Христианская нота (аллюзии на жен-мироносиц, на плащаницу) резко поднимает все стихотворение на уровень жития — тем более религиозного осуществления (прохождение души через круги мытарств — “я в семью возвращался от друга валеры / в хороводе теней три мучительных дня” — и крестную муку), чем более низкий материал попадает в руки его субъекту: дерьмо на лестничной клетке, хмель, похмелье, опостылевшая училка. На клеймах этой иконы (“искривленной” близоруким зрением и похмельным сознанием смотрящего) только одно радостное изображение, и то достаточно фантастическое, чтобы “поверили на слово добрые люди”: “в тюбетейке со ртом до ушей это я на верблюде”. И этот всадник, и лестница в начале (ср. “я по лестнице спускаюсь”), и мертвая учительница жизни в конце — символичны так, как могут быть символичны и поддаваться ценным интерпретациям образы в больших стихах.
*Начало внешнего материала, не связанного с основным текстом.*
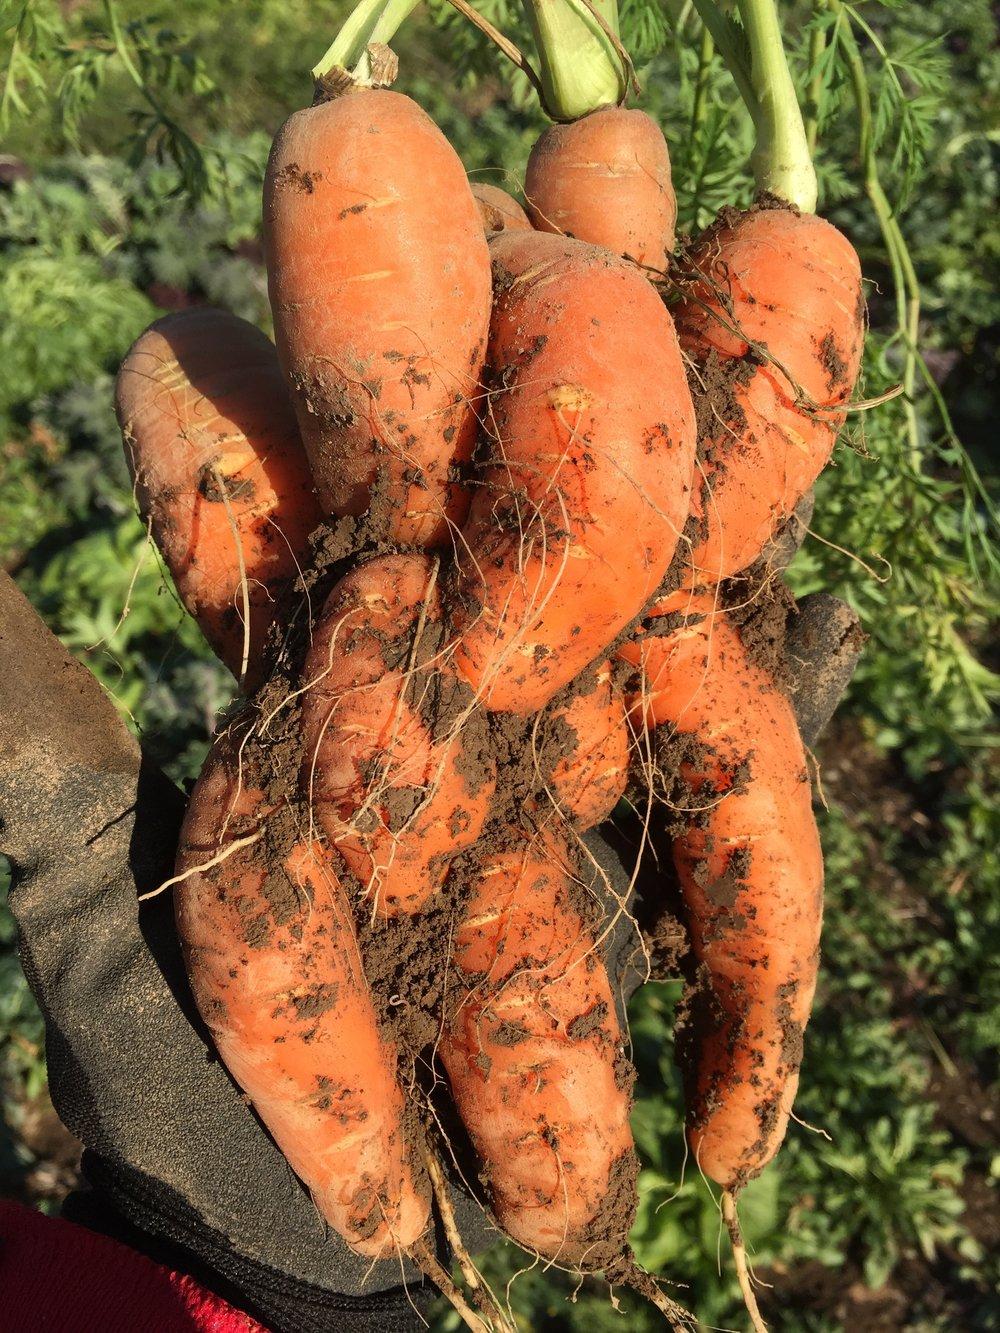 Tangled Carrots

Возможно, это лучшие стихи Гандлевского, но в любом случае, не самые характерные. Событие, которым стали “Опыты в стихах”, связано отнюдь не с метафизической чуткостью автора, а с тем, что это просто замечательное чтение, которое как и раньше не зависело от перипетий времени, так, скорее всего, не будет зависеть от них и впредь. Чтение для памяти и понимания. Для сочувствия и услаждения.